Opice Blum lembra que o legítimo interesse foi inserido para justificar uma relação anterior com o cliente. Além de avaliar se uma abordagem é interessante ao consumidor, o anunciante também precisa entender as interpretações da agência reguladora já que poderá consultar a autoridade para tirar dúvidas. 

Outra questão que justifica o legítimo interesse é envolver bases legais. “Se a área de Recursos Humanos vai fazer uma checagem de antecedentes, por exemplo, não vai pedir consentimento prévio, mas usar o legítimo interesse com base em uma premissa maior que é a segurança da empresa”, afirma o advogado. 

Uma das primeiras recomendações para empresas que precisam se adequar é avaliar suas bases de dados. “A adequação vai desde a captura até o descarte. É quase que um pensamento de reciclagem”, compara Cristiane. 

Além da avaliação da base, como e-mails e telefones usados em campanhas, Neves, da Abradi recomenda que as empresas façam uma limpeza do que não é necessário para o negócio e um novo pedido de aceite das bases antigas de clientes. “Isso pode diminuir o número de aceites, mas você terá uma base que quer realmente escutar o que sua marca tem a dizer”, pondera. 

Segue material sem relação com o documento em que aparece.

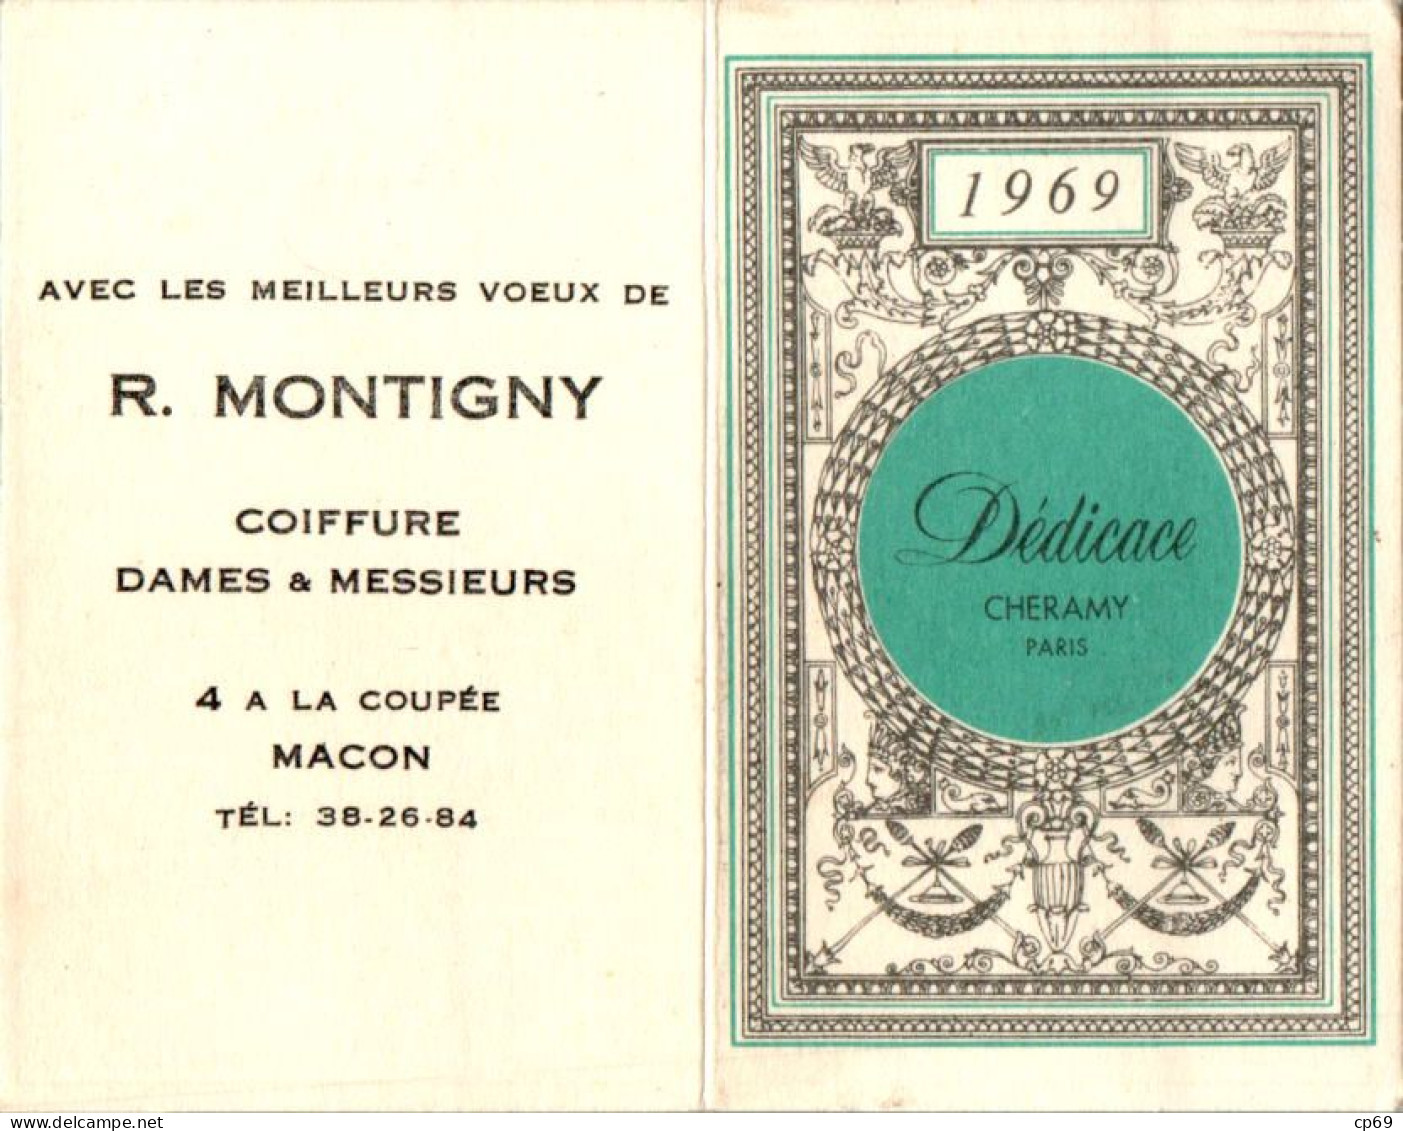 Calendrier De Poche 1969 Parfum Dédicace Cheramy à Paris En TB.Etat - Klein Formaat: 1961-70

Lagreca, do Mercado Livre, explica que a adequação exigiu algumas etapas de trabalho incluindo entrevistas com diversas áreas para entender o fluxo de dados pessoais, classificação de cada atividade de tratamento de informações de acordo com as bases legais da LGPD, adequação de políticas e contratos, bem como treinamentos internos. 

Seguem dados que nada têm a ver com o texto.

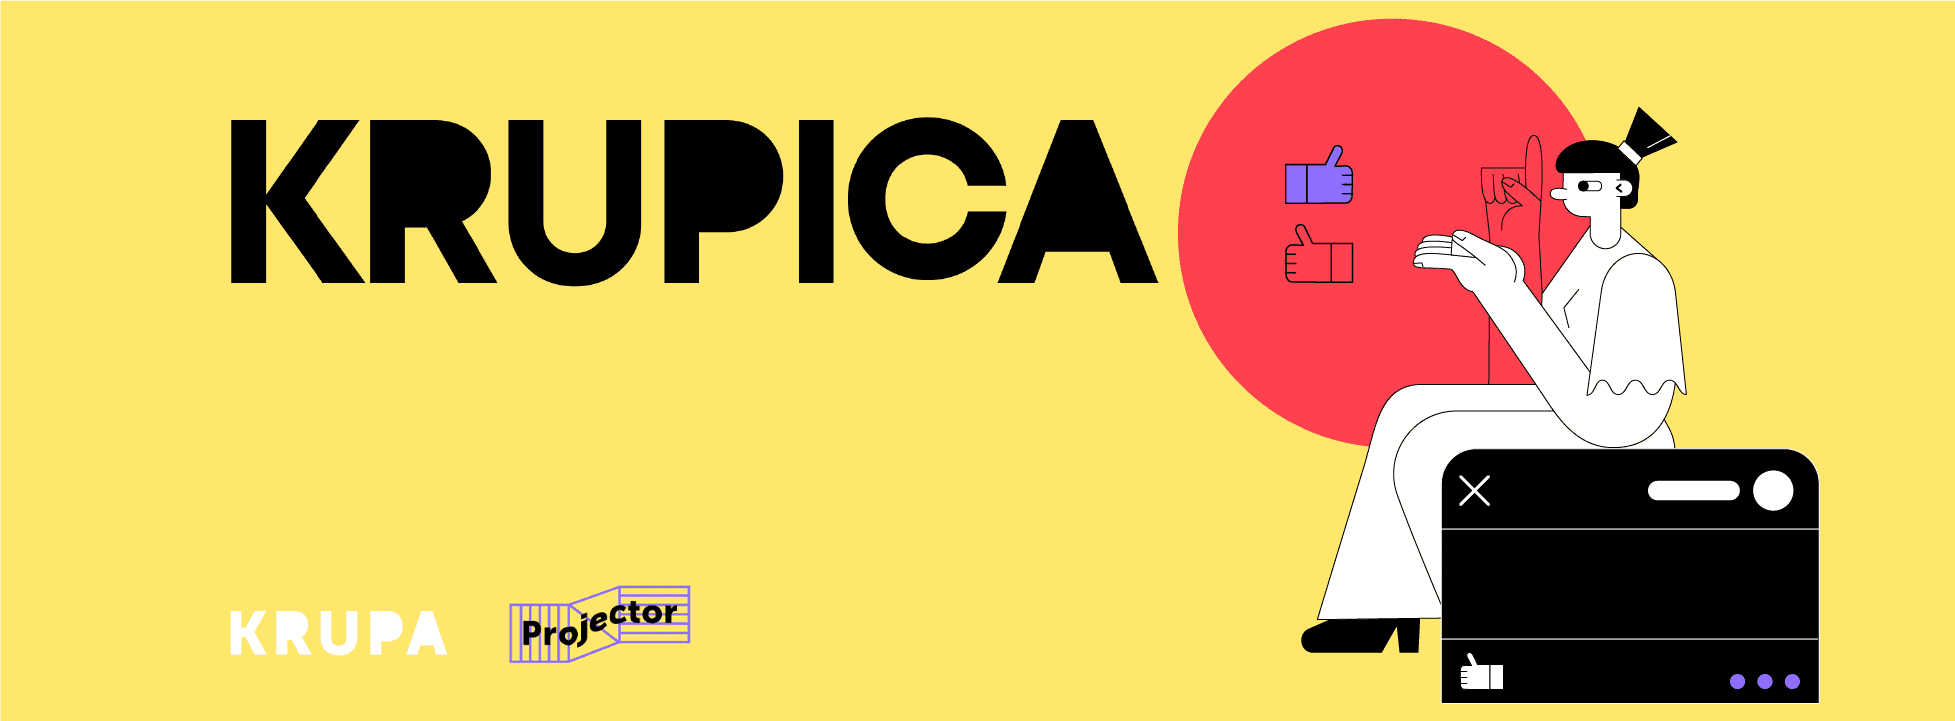 Projector проведе онлайн-конференцію Krupica про дизайн інтерфейсів з міжнародними спікерами

A continuidade da adaptação à lei nas empresas dependerá da mudança de cultura interna sobre tratamento de dados pessoais. “De nada adianta passar pelo processo de adequação se as orientações não forem aplicadas no dia-a-dia da empresa”, reforça Elise. 

Apesar da insegurança jurídica gerada pela ausência da agência reguladora, o presidente da câmara-e.net acredita que a LGPD vai trazer mais clareza e benefícios às práticas do varejo on-line. “A lei ajuda a definir as regras do jogo. Quem é sério e já adotava medidas mais cuidadosas, agora tem um meio legal de garantir que o concorrente também ande na linha.” 

Cristiane, do IAB, acredita que a lei vai acabar com o armazenamento e a venda de dados desnecessários. “Antes você tinha uma coleta massiva de dados para talvez um dia usar, o que levou muita gente a compartilhar o que não era usado”, lembra. “Agora você precisa ter o dado exatamente para o que vai oferecer. Para vender pneus não precisa saber a cor do cabelo, escolaridade, religião, estrutura familiar, renda, que são dados sensíveis.”